# Advice for aftermarket jack for fishing buggy



## HossRoss (Feb 9, 2014)

Got a 3500 dually with camper and looking to upgrade scissor jack.
Any advice pros/cons from you ol salts would be appreciated.


----------



## buster (Nov 16, 2006)

For me personally,i would use a good bottle jack and solid jack board due to size and weight of set up.Dont trust scissor jacks with alot of weight,especially in sand.


----------



## MSRIEF (May 21, 2007)

Your dually/camper is heavy but I use the farm jack from Harbor Freight. I also carry old 8 to 12 foot carpet runners to put under the wheels.


----------



## DaBig2na (Aug 7, 2011)

Keep several 2x6s about 12 to 18 inches long so that you place them under the jack in soft sand or anything that is not pavement or concrete. Something to chalk the wheels to stop it from rolling and at least a six ton jack. The taller and bigger the better for a 3500.
Throw a couple of 4x4 blocks about 6 plus inches long "just in case" in the back of the truck too. You might need to block the jack up for extra height. Your truck weighs well over 6000 pounds, judging that from the f250 I own. I'd rather have more Jack than I need, than not enough.
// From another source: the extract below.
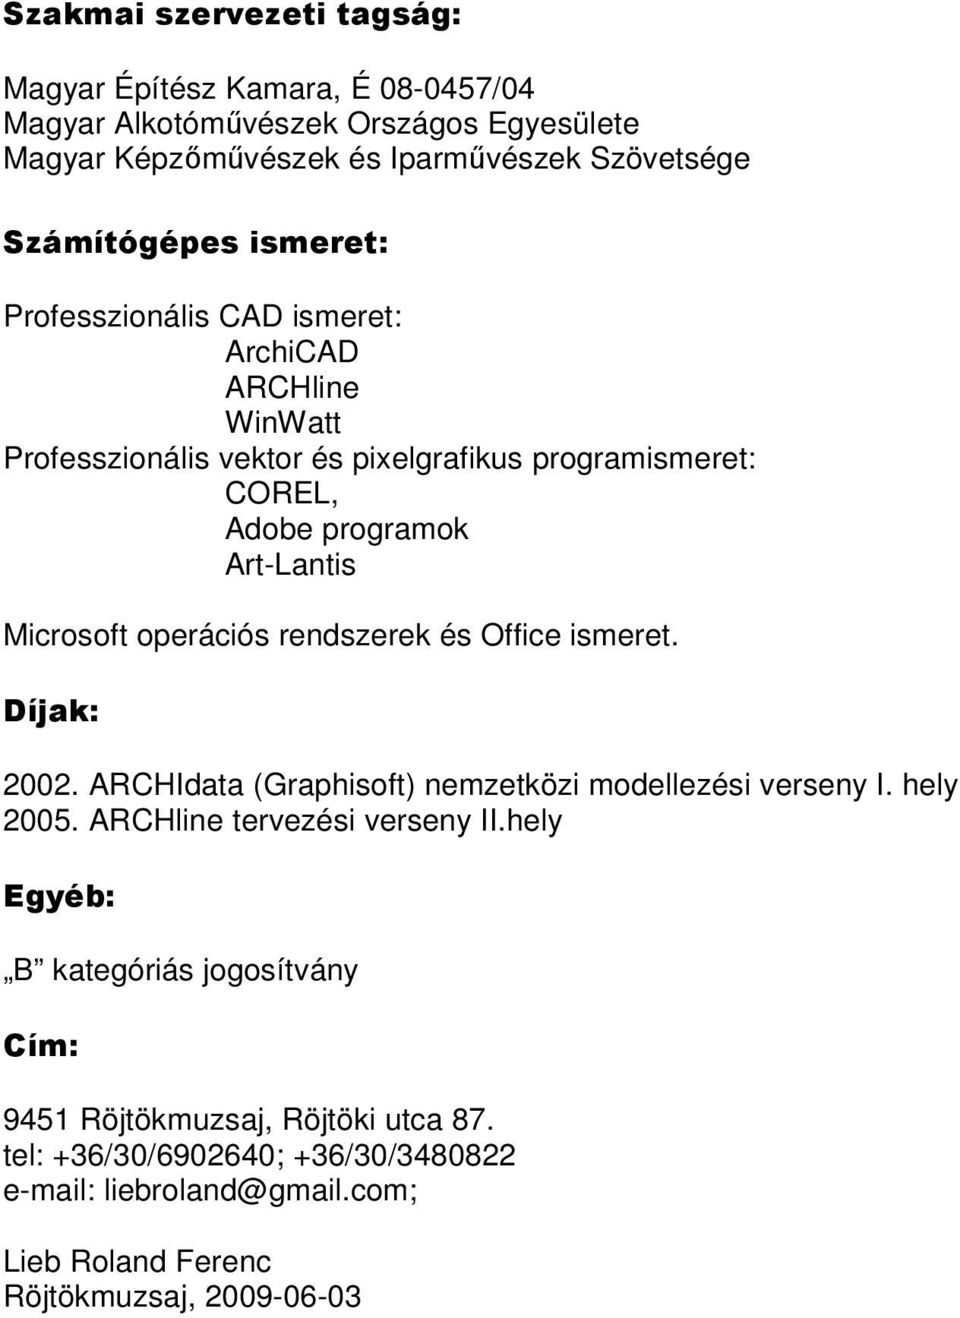 operációs rendszerek és Office ismeret. Díjak: 2002. ARCHIdata (Graphisoft) nemzetközi modellezési verseny I. hely 2005. ARCHline tervezési verseny II.

Harbor Freight has some descent jacks for the money. Keep your eyes in outdoor magazines, get on their mailing list, or their website and get a 20% coupon and that will really make the price attractive. I might even have one here I can send you.

2na


----------



## HossRoss (Feb 9, 2014)

*Yes Sir. Thanks for the advice. Like the 6 ton bottle jack ideal*



DaBig2na said:


> Keep several 2x6s about 12 to 18 inches long so that you place them under the jack in soft sand or anything that is not pavement or concrete. Something to chalk the wheels to stop it from rolling and at least a six ton jack. The taller and bigger the better for a 3500.
> Throw a couple of 4x4 blocks about 6 plus inches long "just in case" in the back of the truck too. You might need to block the jack up for extra height. Your truck weighs well over 6000 pounds, judging that from the f250 I own. I'd rather have more Jack than I need, than not enough.
> 
> Harbor Freight has some descent jacks for the money. Keep your eyes in outdoor magazines, get on their mailing list, or their website and get a 20% coupon and that will really make the price attractive. I might even have one here I can send you.
> ...


 With some wood pieces and a good base.
How much"travel" or raise you get with this particular jack.
The farm jack I'm thinking would be hard to a fix to truck w camper


----------



## DaBig2na (Aug 7, 2011)

I'm talking 6000 lb Bottle Jack...not farm jack.

I'm not sure why someone would want to use a "farm Jack" otherwise known as a High Lift Jack on a 3500. Where would you even find a Jacking point?

We are talking about changing a tire possibly, Right?


----------



## John Smith_inFL (Nov 22, 2009)

Big2na is right - - - where would you use the farm jack on a 3500?
I, like the others, am very fond of the bottle jacks (plural) minimum of TWO 6-10k capacity.
several pieces of 2X lumber - 2x12 , 2x10, 2x8, 2x6 some 2x6x3', carpet strips, yada yada yada.
I have had 3 of the HF bottle jacks for over 10 years with zero issues. Just store them upright, not on their side (if possible).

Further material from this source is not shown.